Hi @srivassid, while reproducing the error by executing the given code, I am facing the error at the above line. I have gone through the dataset and can see that there are no labels present inside the dataset only dict_keys([‘text’, ‘title’]) are present. Could you please let us know how you have defined the labels.

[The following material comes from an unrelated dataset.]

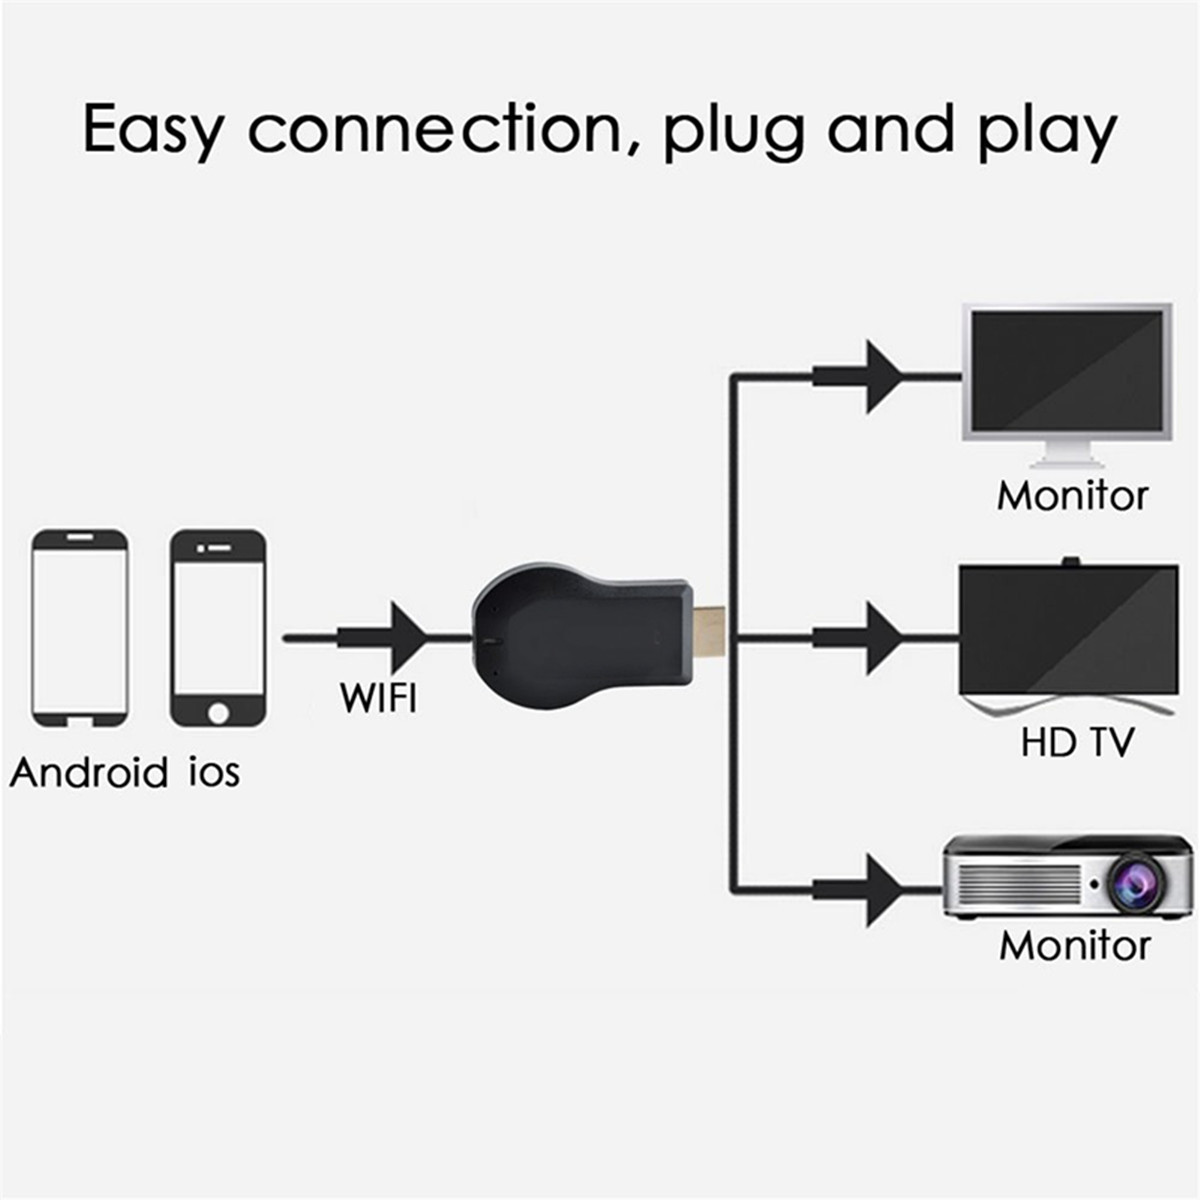 Miracast-M2-HD-1080P-Plus-WiFi-Display-Dongle-Miracast-TV-Dongle-DLNA-982127

if you see the data inside the dataset it will be

{'text': <tf.Tensor: shape=(), dtype=string, numpy=b'\xd0\xbf\xd0\xb5\xd1\x80\xd0\xb5\xd0\xbd\xd0\xb0\xd0\xbf\xd1\x80\xd0\xb0\xd0\xb2\xd0\xbb\xd0\xb5\xd0\xbd\xd0\xb8\xd0\xb5 \xd0\x9b\xd0\xb0\xd0\xb1\xd0\xb0\xd1\x85\xd3\x99\xd1\x83\xd0\xb0, \xd0\x90\xd0\xbb\xd0\xb8\xd0\xb0\xd1\x81 \xd0\x9c\xd0\xb8\xd1\x85\xd0\xb0-\xd0\xb8\xd4\xa5\xd0\xb0'>, 

'title': <tf.Tensor: shape=(), dtype=string, numpy=b'\xd0\x90\xd0\xbb\xd0\xb8\xd0\xb0\xd1\x81 \xd0\x9b\xd0\xb0\xd0\xb1\xd0\xb0\xd1\x85\xd3\x99\xd0\xb0'>}

You are passing the dataset elements directly instead of string. This is the cause of error. Could you try by passing the string only. Thank You.

Hi

I solved it using the following code

dataset, info = tfds.load("wikipedia/20230601.ab", with_info=True)

# Prepare the text data
texts = [example['text'].numpy().decode('utf-8') for example in dataset['train']]
labels = [0] * len(texts)  # Dummy labels for illustration purposes

# Create a TextVectorization layer
vectorize_layer = TextVectorization(
    max_tokens=50000,  # You can adjust this value based on your requirements
    output_mode='tf-idf',
)

# Adapt the layer to the text data
vectorize_layer.adapt(texts)

# Vectorize the text data
vectorized_texts = vectorize_layer(texts)
labels = tf.convert_to_tensor(labels, dtype=tf.float32)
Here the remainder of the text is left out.